Including her from the beginning taught her that her voice matters. She now expects to be part of decisions that affect her — and honestly, she should be. Even at five.
What Changed in Our Family
I want to be specific because "it helped our communication" sounds like a therapy brochure. Here is what actually changed.
My kids started solving their own conflicts. Last month, my son and daughter had a disagreement about sharing the Xbox. Instead of screaming for me, my son said: "Let us bring this to the family meeting." They did. They worked out a schedule. I did not say a word.
My husband became more involved in the logistics. He used to float above the household management because I handled everything. Now that he hears the calendar review every week, he knows what is happening. He volunteers for things. He remembers things. The family meeting made the invisible labor visible.
I stopped being the sole decision-maker. Before, every decision — what to eat, where to go, who does what — flowed through me. Now, decisions are shared. It sounds small but the relief is enormous. I am no longer the single point of failure for this family's entire operation.

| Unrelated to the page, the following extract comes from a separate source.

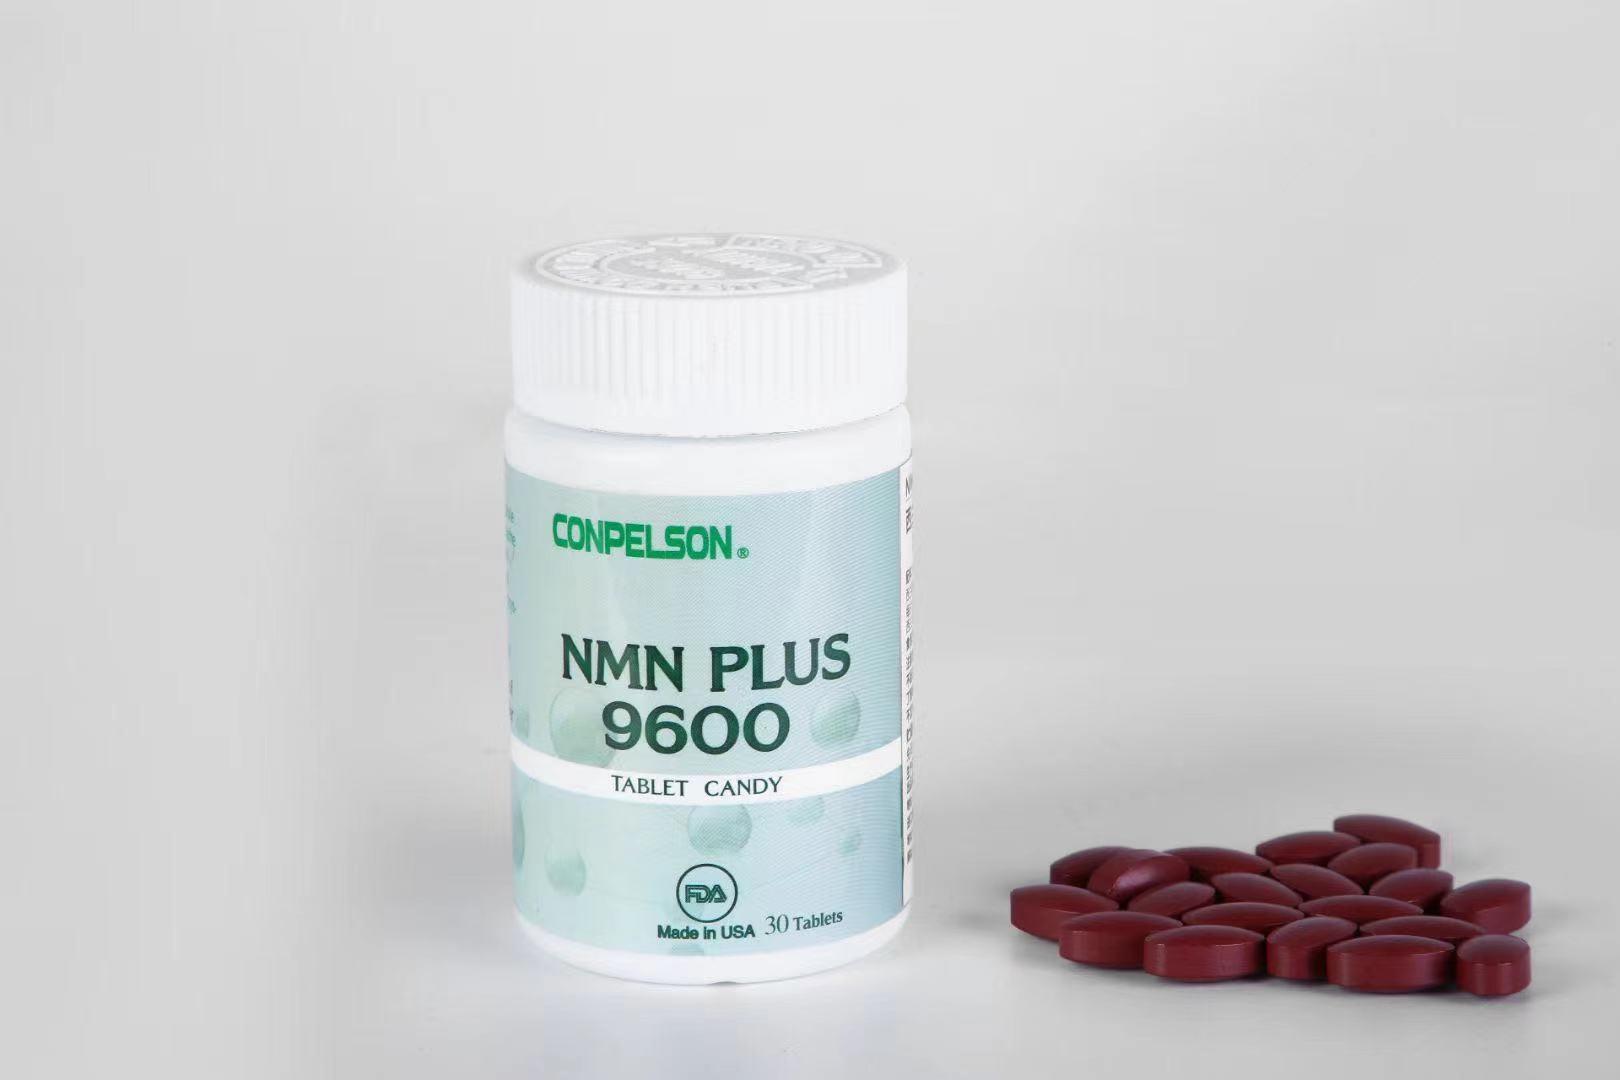 NMN PLUS 9600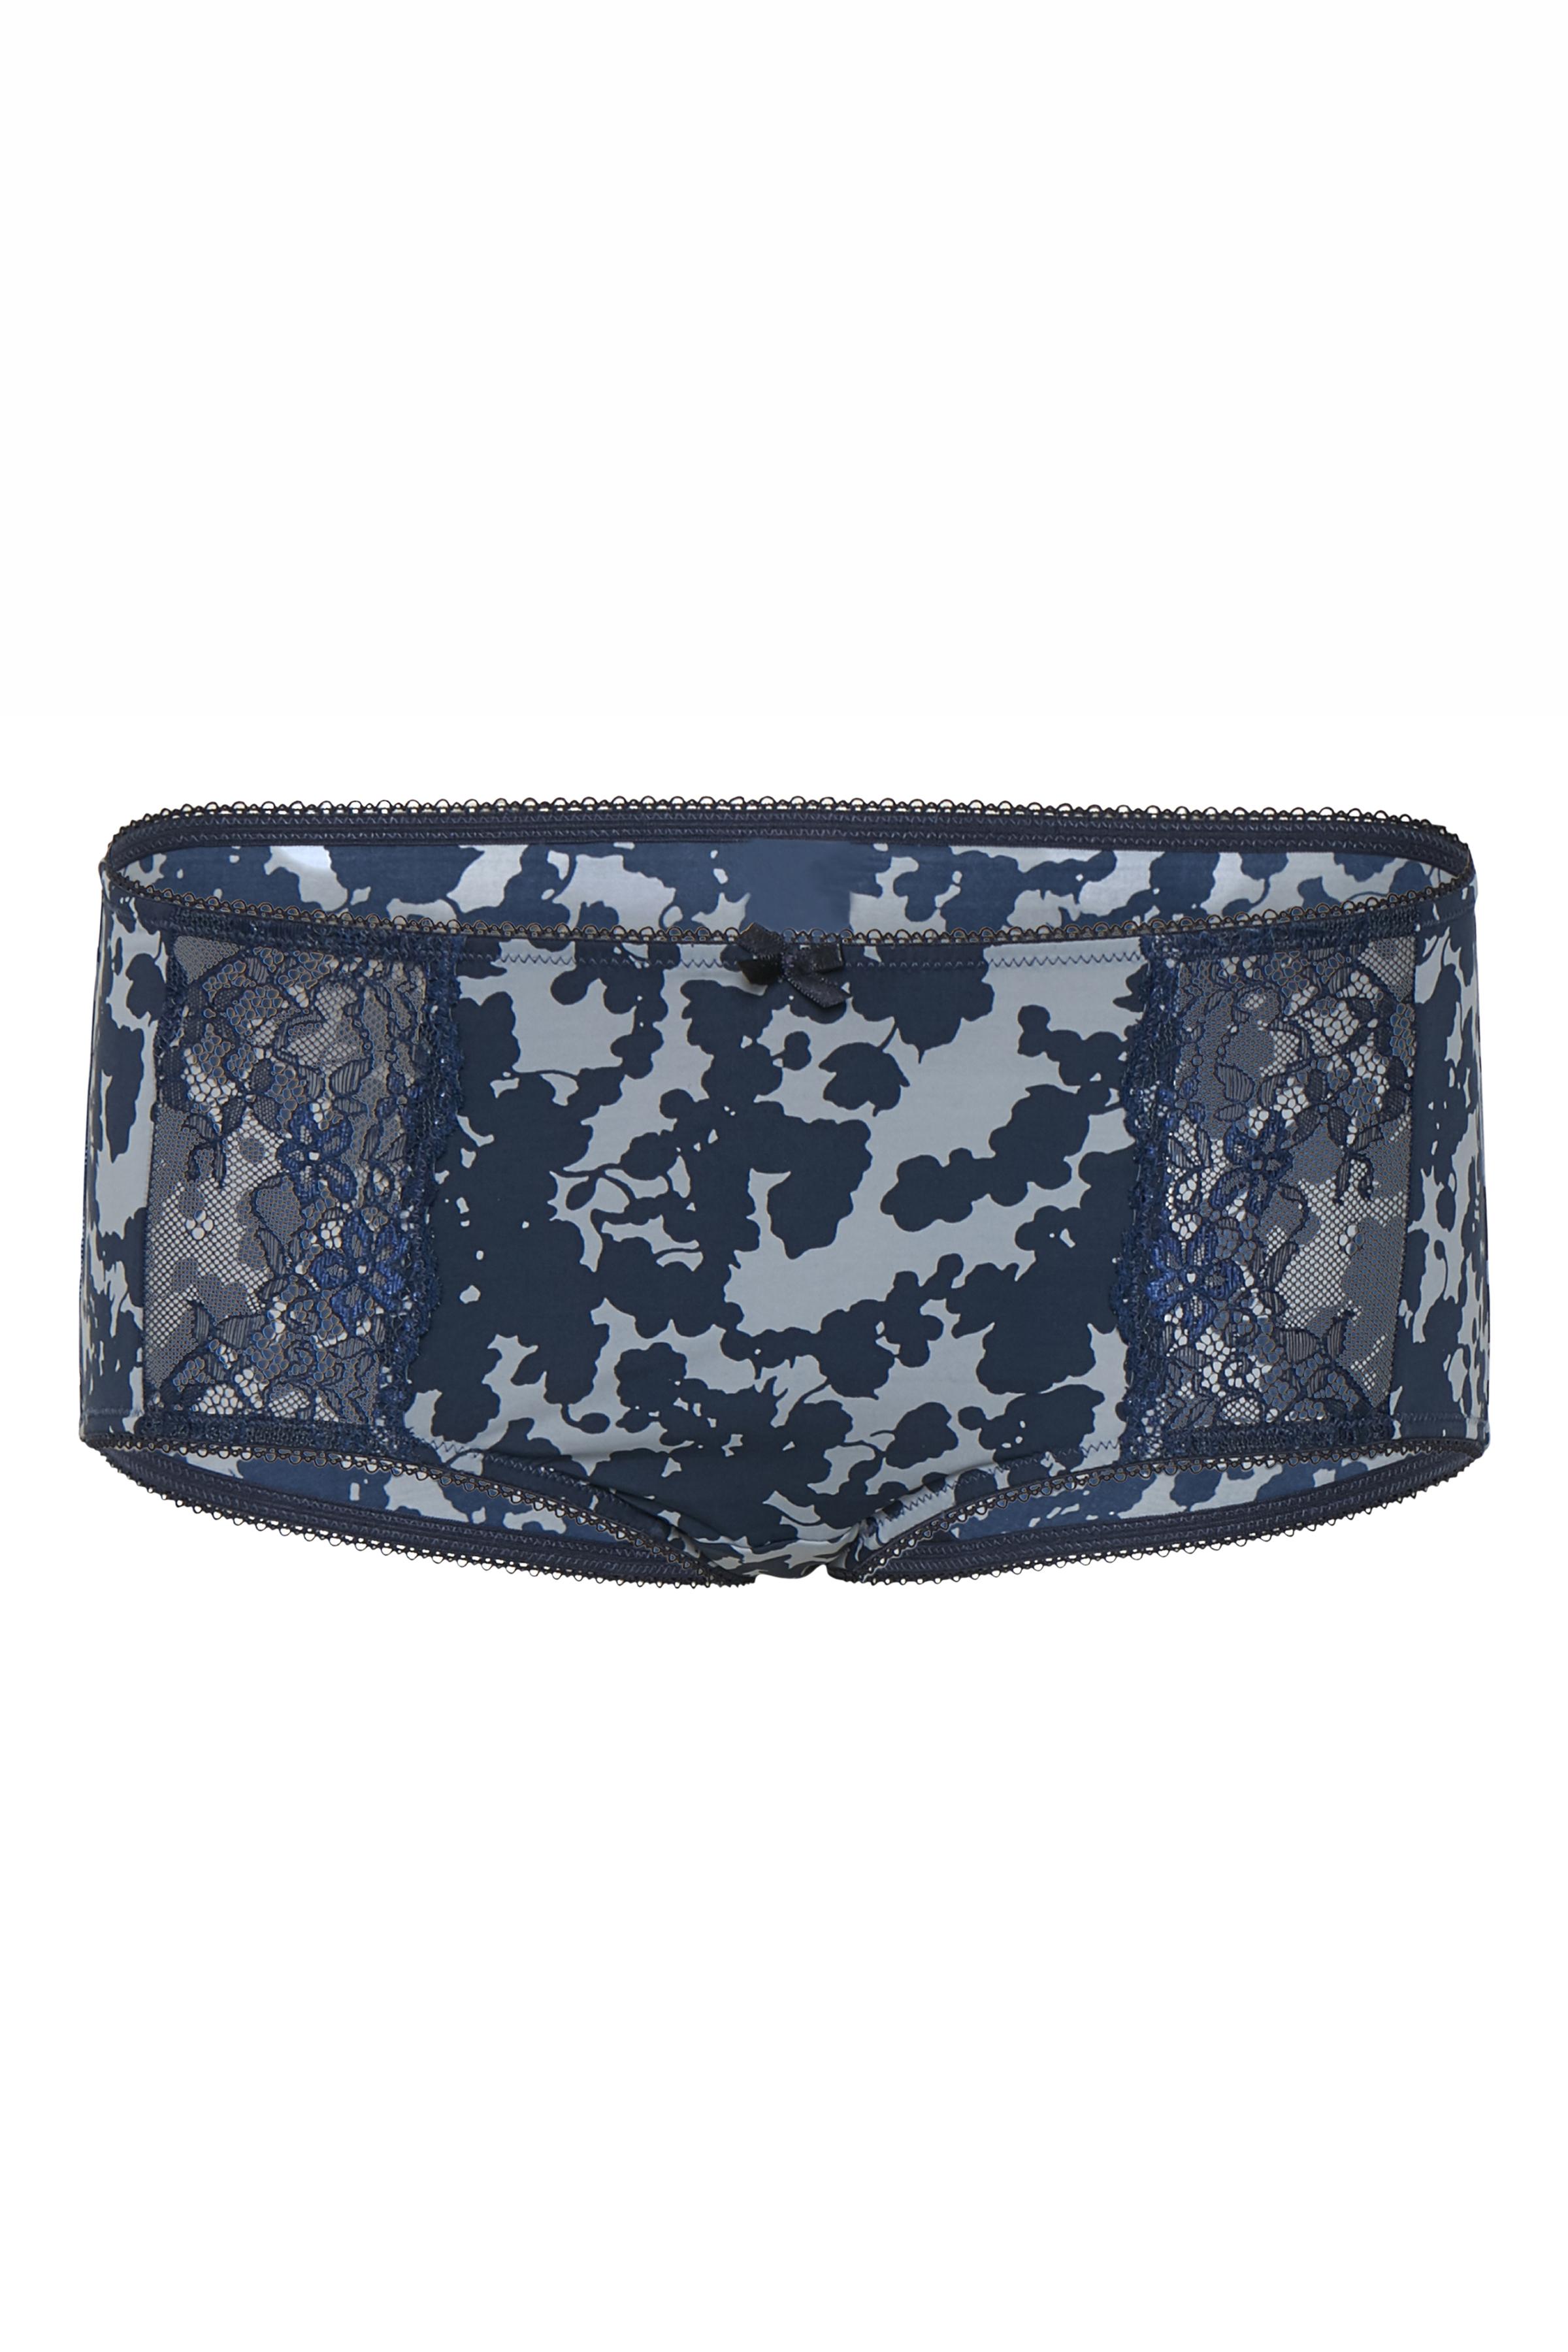 Marineblau Shorts von Bon'A Parte – Shoppen Sie Marineblau Shorts ab Gr. 36-48 hier

Resentment dropped. Most family resentment comes from feeling unheard or overburdened. The meeting gives everyone a place to be heard and a process for sharing the load. I am not saying we never argue. We absolutely argue. But less, and it resolves faster.
Tips for Starting Your Own
If you want to try this, here are the things I wish I had known at the start.
Start simple. Our first meeting was ten minutes: roses, thorns, and what should we do this weekend? That is it. We added complexity over time.
Make it consistent. Same day, same time, same place. The consistency is what builds the habit. We have done Sunday at 10 AM for six months. The kids now expect it.
Snacks are non-negotiable. I am serious. The snacks make it feel less like a chore and more like an event. When I forget snacks, the kids call me out.
Let the kids lead. As much as possible, let them run parts of it. My son does the calendar review now. My daughter is in charge of picking the fun activity. Ownership creates buy-in.
Do not use it for lectures. The meeting is not a platform for parents to deliver speeches about behavior. If it becomes a lecture hall, the kids will check out immediately and never come back. Ask me how I know.
Use a tool to track decisions. We started writing decisions on a whiteboard in the kitchen. We have also started using Emmie to track the things that come out of the meetings — chore rotations, calendar events, reminders for planned activities. Having a record means nobody can claim "I did not agree to that."
If you want a ready-made structure, we have a [family meeting template](/tools/family-meeting) that you can customize. It includes age-appropriate discussion prompts and a printable agenda.
The Unexpected Gift
The thing nobody tells you about family meetings is that they are not really about logistics. Yes, they solve practical problems. Yes, they reduce arguments. But the real gift is something bigger.
My kids are learning how to be in a community. How to listen to someone else's perspective. How to propose solutions instead of just complaining. How to compromise. How to advocate for themselves respectfully.
These are skills that most adults struggle with. My kids are learning them at the dining table on Sunday mornings, over muffins, holding a talking rock.
I did not expect a weekly meeting to change our family. But it did. And the best part is, it only takes 20 minutes.